The InvenioRDM backend is not event driven. At the time of writing (v11) there is no support for event handling, although there is work being done to implement an event bus (RFC).
Nonetheless, there are several addressed use cases that would benefit from an event bus and will be refactored to use it once it is implemented.
In the following sections these specific use cases will be described with more detail. However, they all share a similar architecture.
The object in charge of sending/triggering the "event". The lack of an event bus leaves freedom of implementation on the emitter. For example, they could be emitted from the views, after unit of work (record) commit, etc. These events are written to case-specific message queues.
The important factor to have into account is the decoupling of the happening of the action and creating the event about it happening. For example, notifying about record creation should be done after the record has been committed. This would avoid inconsistencies such as failing to commit a record because the event failed to be created, or sending a notification about something that was not committed yet and might fail to do so. This leads to the question of what happens if after commit I cannot create the event? and other corner cases. Addressing these cases is out of the scope of the current implementations and will be solved by the event bus.
For every event there is one or more operations that need to be executed. In the following examples the logic is implemented in case-specific tasks that run periodically (celery beat).
When processing events it is important to eventually arrive to the same state.
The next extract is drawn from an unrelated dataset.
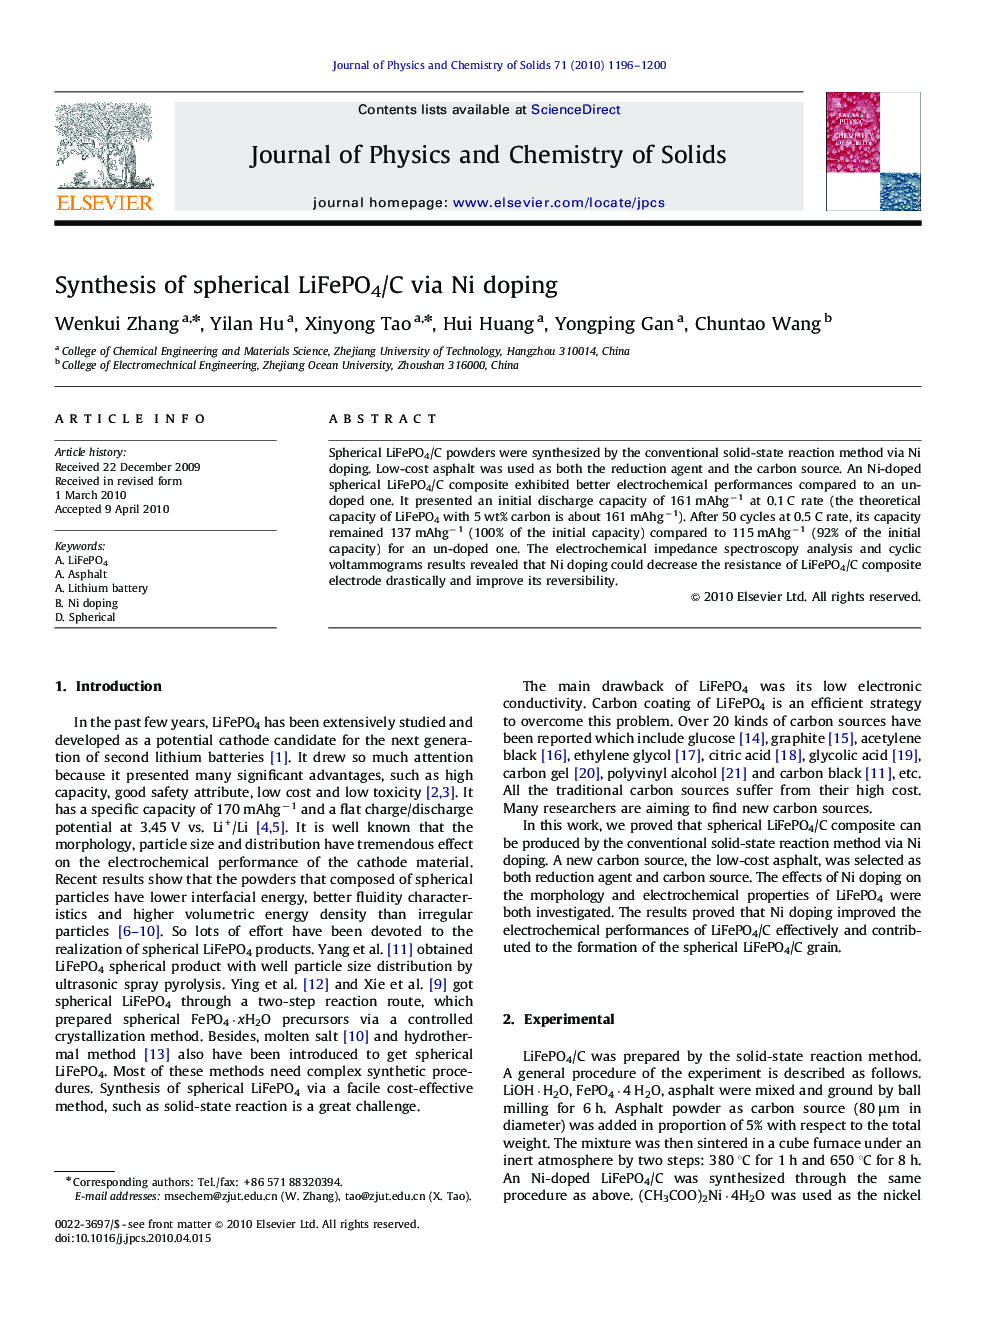 Synthesis of spherical LiFePO4/C via Ni doping

For example, if all events where to be reprocessed (e.g. event sourcing) several times, the final state should be the same. In addition, if one or more events were processed more than once the final state should also be the same, this means that event processing must be idempotent.
Moreover, processing events can take a long time. If this effects the user experience eager read derivation could be used. However, this comes at a cost of having to handle rollbacks and potential data inconsistency.
Since there is no defined event API, the current use cases define case-specific payloads and formats.
The full design details can be found in the RFC.
InvenioRDM uses polyglot persistence: PostgreSQL and OpenSearch. Due to data retrieval and search requirements data is denormalized in OpenSearch. This means that when some entities are updated (e.g. user profiles) objects containing their denormalized information also need to be updated too (e.g. membership requests reflecting the user's username).
To achieve this, the events or change notifications are registered in the unit of work.
On an operation that will trigger an asynchronous Celery task with a custom payload on
post_commit. This task will enrich the payload and trigger all the handlers registered
for the record type that was changed. These handlers are service methods with custom
signatures, and are configurable in the
invenio.cfg file. The records have a revision id
and use optimistic concurrency, therefore idempotence can be guaranteed.
Statistics such as record view or file downloads are calculated using events. These events are emitted on the resources/views, by registering a message with a custom payload in a specific queue. Event indexers will then read these messages and carry out the appropriate operations (e.g. aggregations). Event indexers are running as celery beat tasks. To guarantee idempotence each event contains a unique identifier (e.g. timestamp + User-agent + IP address + URL), which guarantees that the event is captured/persisted only once.
This feature has not been fully implemented yet. But progress can be followed and the full design details can be found in the RFC.
This feature has not been implemented yet
In order to enable interoperability and for other applications to build on top of
InvenioRDM we can deliver webhook notifications to user-configured 3rd-party applications.
These webhooks can be configured/filtered on the level of specific events (and their
properties, e.g. "send a webhook for all records of type
software added to the community
This feature has not been implemented yet
For many operations it's useful to keep an audit log, so that administrators, community curators/managers, and users, can review past actions. This is both a security and "inspection" feature. Events can be mapped to actions, and logging them could be implemented via event handlers.